Sunday, February 15, 2009

Decreasing Risk and Maximizing Returns

To be a premier investor, you must learn how to decrease risk and maximize your return. Lets forget about diversification and options. Let me introduce stop loss and limit orders. Say you want to buy Apple at $90 a share. You think it will pull back enough that you can capitalize on a few extra points. While you are at work, you don't know where Apple is at or how close it is getting to the $90 you want to buy at. Limit orders allow you the flexibility of putting in a trade and have it process when you want it to. If I put in a limit order to buy Apple at $90, the order will process as soon as it hits $90. If it doesn't hit on Monday, the order will stay open on Tuesday and for as long as you want until you cancel it. This allows you to let the stock pull back and then order even if you can't be beside the computer when it does.

Stop loss orders help you to sell when a stock pulls back from where you bought it. If you had bought Apple at $90 on that limit order and decided to hedge against any downside, you could incorporate a stop loss. If you set that stop loss at $5 or 5% (can put in either dollar amount or percentage), your Apple shares would be sold if Apple hit $85. This keeps you from hanging on to the stock any longer than you have to and prevents losses from getting too deep. A trailing stop loss would be more recommendable. This keeps the stop loss trailing the stock as it rises. The Apple shares you bought at $90 go to $95. Now your trailing stop loss goes from $85 to $90. So if your shares then fall to $90, it sells.
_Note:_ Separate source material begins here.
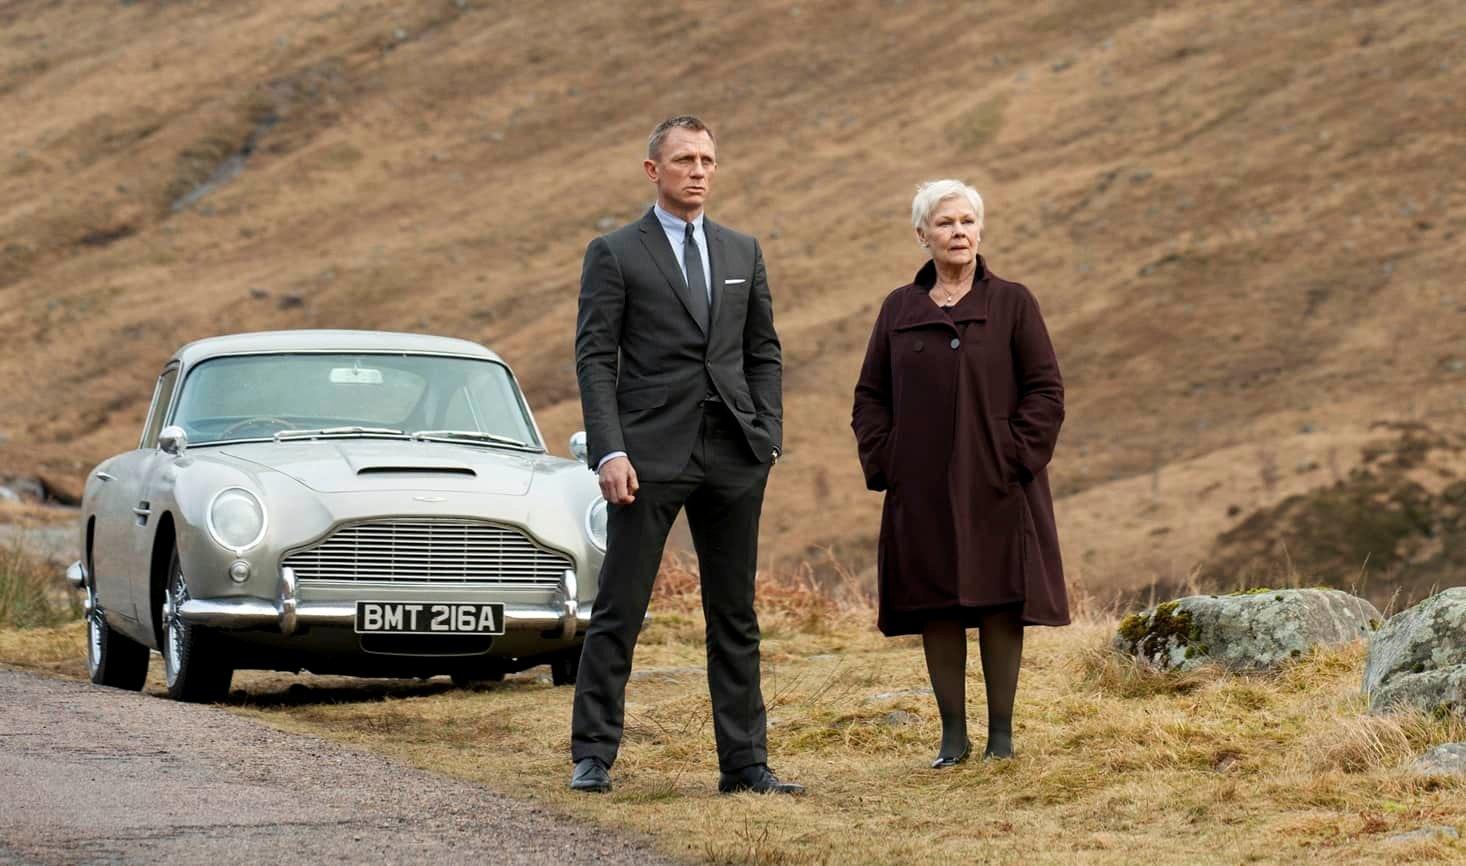 Daniel Craig et Judy Dench font face à une voiture dans le film Skyfall.
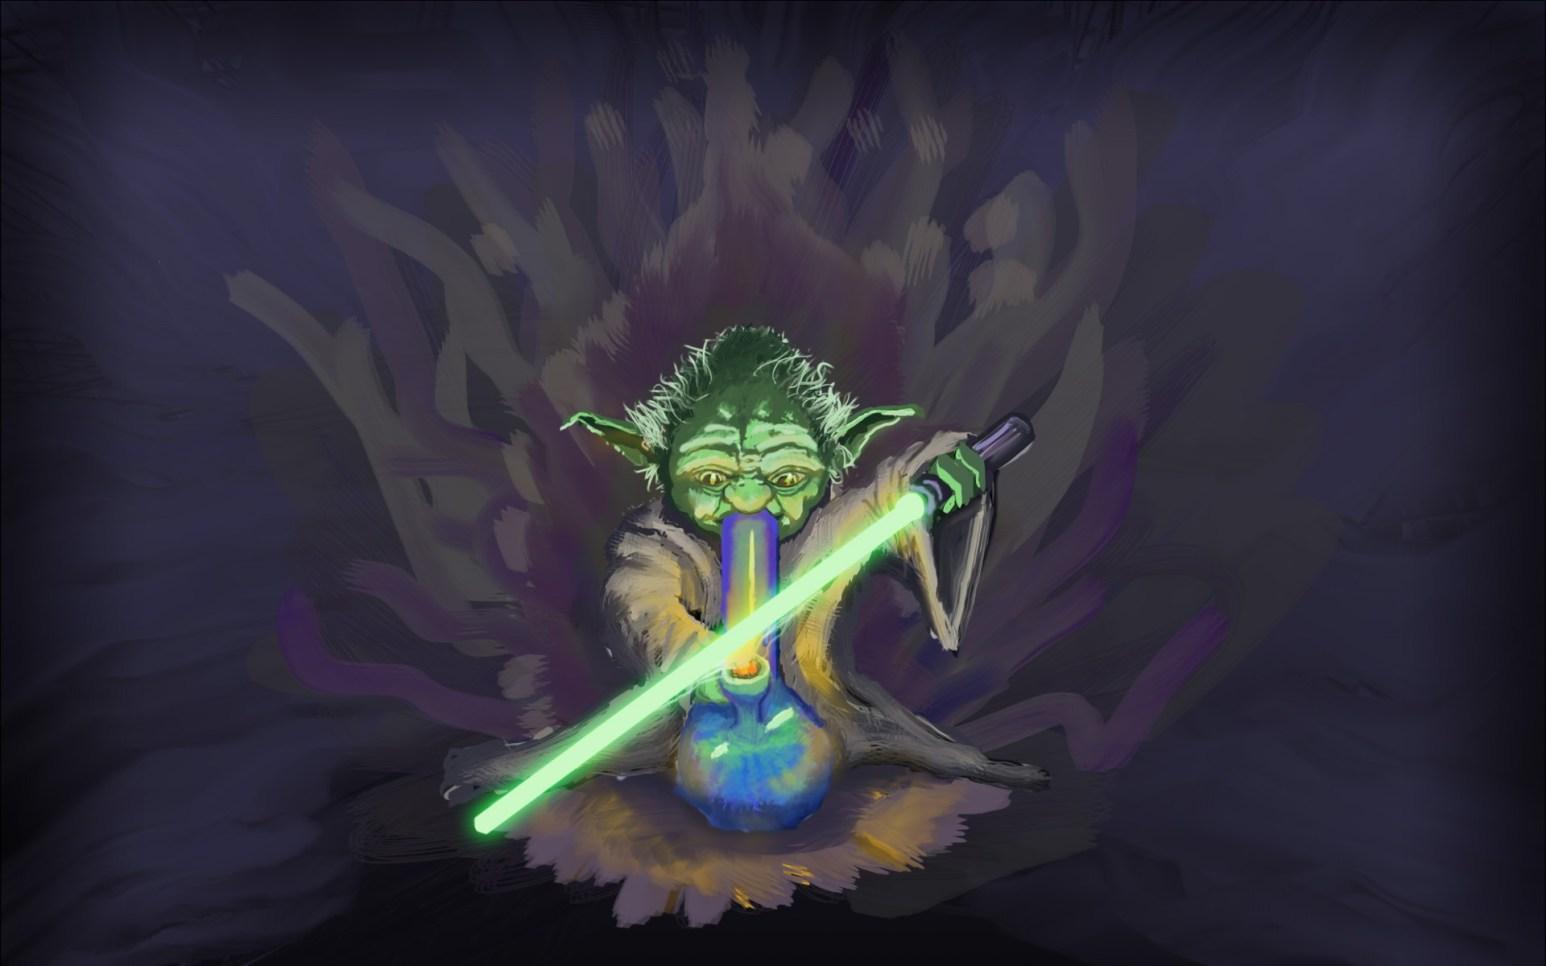 Yoda smoker

Using both the stop loss and trailing stop loss maximizes potential. I would buy Apple and then put a stop loss on it to bail me out if the position turns sour. If Apple did indeed go up, I would cancel the stop loss and put in the trailing stop loss. This helps you to retain more profits. We all see a stock go up and then have a huge fall on earnings, yet still keep it thinking it will come back around. Using these stop loss orders, we cash out in the middle of that fall so we can retain some of our profit and keep from getting hurt. These are just a few ways to buy low and sell as close to a high as possible. At any rate it keeps you hedged against any risk of losing massive amounts of money. Too many people fall into the trap of buying more and more as it the stock price goes down or just keeping it while thinking it will come back. Remember, if a stock falls 50% it then has to return 100% to break even.